These Flaws Make Cryptocurrency Exchanges Susceptible to Attacks
It is a proven fact that the blockchain has an impressive 99.64 percent reliability. However, the same can’t be said of cryptocurrency exchanges. Amidst that backdrop, Sameer Dixit, the Senior Director of Security Consulting at Spirent Communications, has identified some characteristic flaws of crypto exchanges which must be tackled to shield the over $350 billion cryptocurrency industry from more heists than it has already suffered.
Loopholes in Exchanges
The cryptoverse, considered by scores of enthusiasts across the globe as a blazing monetary development, has been incessantly punctured by the cruel activities of cyberpunks. These bad actors stay on the trail of cryptocurrency exchanges to decrypt the security details of investors and cart away their valuable digital assets.
The following are some of the security loopholes that make it easy for hackers to break into crypto exchanges.
According to Dixit, the primary cause of most crypto exchange hacks is “compromised credentials.” Crypto exchange administrators are often prime targets of hackers since they have authorized access to the private keys of all users on the platform. In 2017, reports emerged that hackers had gained access to the PC of a Bithumb exchange employee, which contained personal information of thousands of exchange users that hackers used to steal users’ crypto.
Similarly, in December 2017, BTCManager reported that hackers had stolen about $64 million worth of bitcoin from the NiceHash crypto mining platform, also due to compromised credentials.
In 2016, cyber thieves were able to exploit a loophole in the code for a decentralized autonomous organization (DAO), stealing vast amounts of cryptocurrency. The DAO was designed as a decentralized investment fund that delegated powers to contributors regarding how the funds were applied. The idea was that managing transactions through code solved the problem of human deceit and that shared powers would prevent stealing. Unfortunately, though the system was invulnerable enough to withstand intrusion to some extent, criminals eventually identified a bug in the code that helped them attack the platform.
Test accounts are another avenue through which cryptocurrency hunters access a network since such accounts are typically neither effectively managed nor well monitored. Developers use accounts with different permissions and access privileges to test code and verify that everything works the way it should.
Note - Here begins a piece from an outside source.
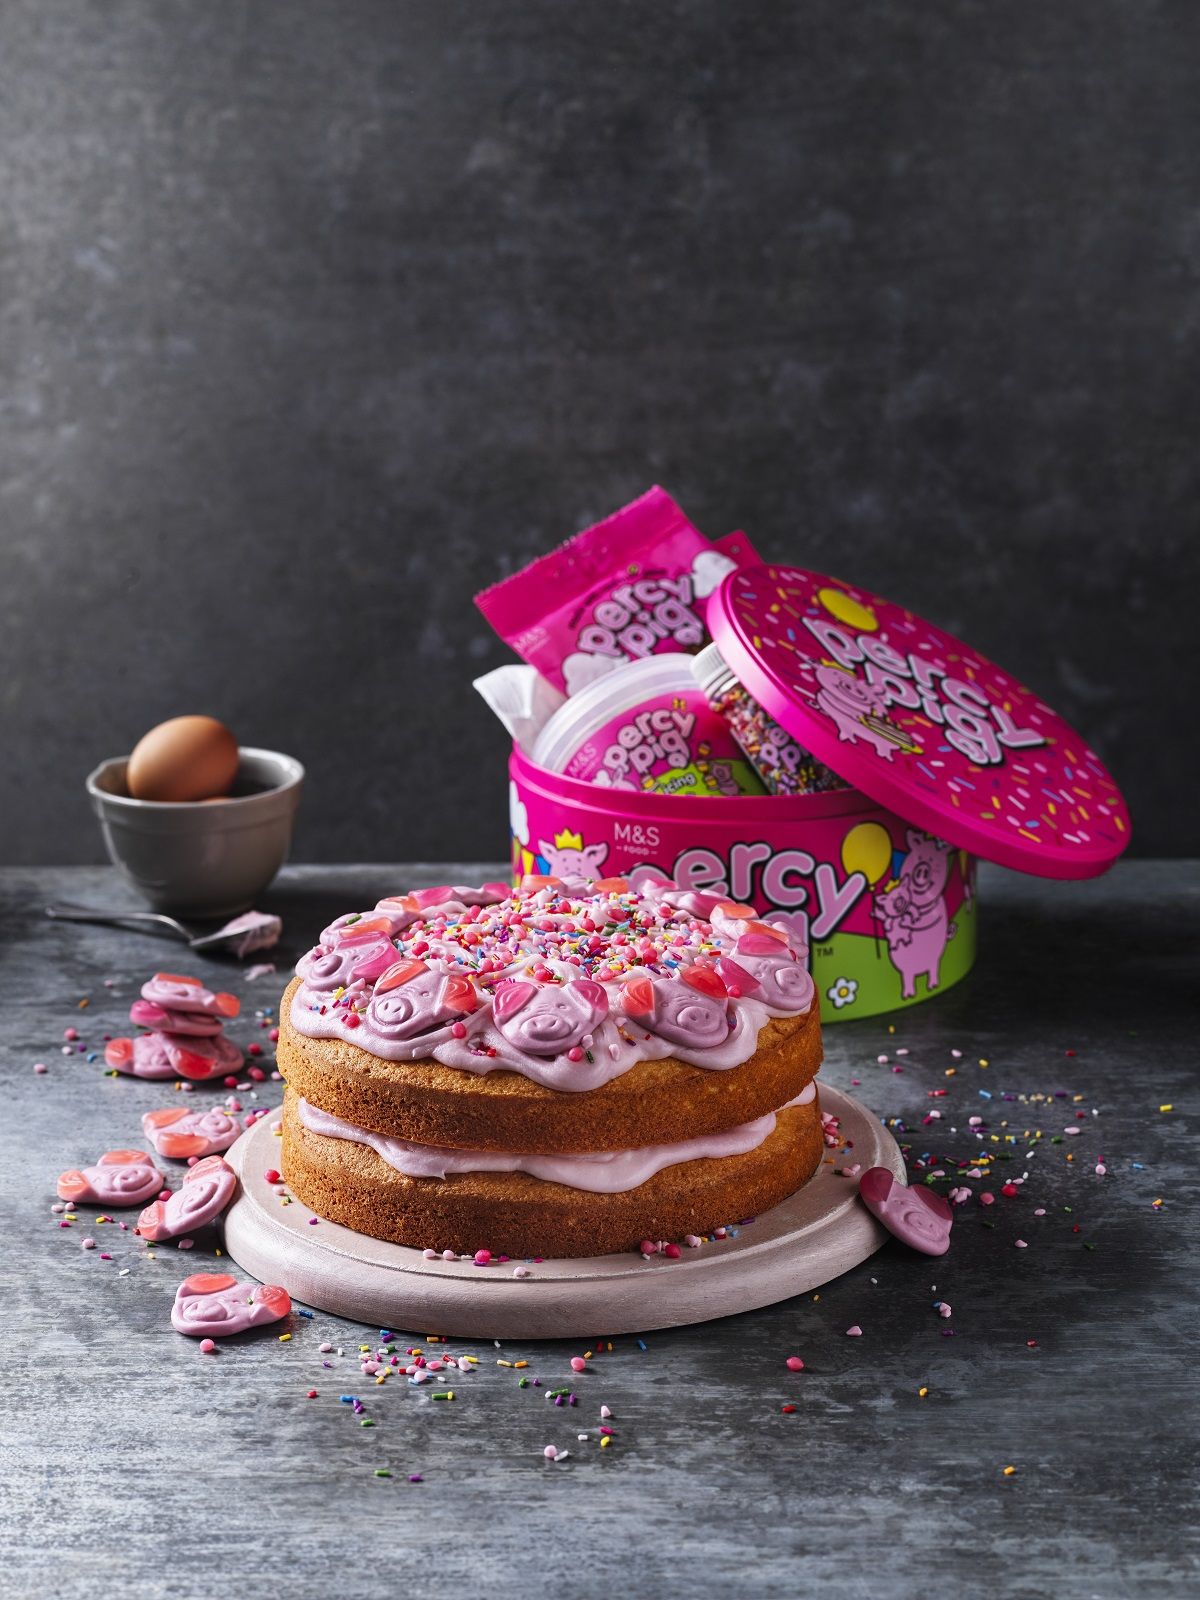 Move over Colin, M&S launch a new must-have birthday cake

Under normal circumstances, test accounts should only exist in a test or staging environment and are not to be used in a production environment. If test accounts are absolutely necessary, the accounts should have just the minimum level of privileges and access required for basic performance and functionality testing. Dixit recommends that periodic audits of the production environment should identify and remove any rogue test accounts.
Lack of Roles Separation
Dixit also discussed a need to limit who has access to what information and to set clear rules for when access is given. He explains that, “Another best practice is to ensure separation of duties and implement the practice of ‘least privileged access’ for accounts.” He recommends strict regulation of developers’ access to production systems to include emergency situations only.
Some of the most massive cryptocurrency exchange hacks in history were a result of transaction malleability. While data stored on the blockchain is immutable, most exchanges still use centralized databases, making them susceptible to transaction malleability attacks. In 2014, hackers took advantage of this flaw to divert $500 million in bitcoin from the Mt. Gox crypto exchange.
Inadequacies in Hot Wallets
Storing cryptos in cold storage remains the surest way of keeping digital assets safe. Exchanges find it a Herculean task to use this method because clients send in withdrawal requests on a 24/7 basis. It is essential for hot wallets to be secured with multi-signature private keys, so as to make it impossible for hackers to compromise the system with just one private key, as in the case of the Coincheck exchange hack of January 2018.
As cryptocurrency battles for a a place in mainstream finance, heists and hacks continue to set it back. It seems reasonable to expect improvements in the near future given the high demand for safe storage and transacting of cryptocurrencies. In the meantime, exchanges and users alike need to practice advanced security measures to mitigate risks until solutions are found.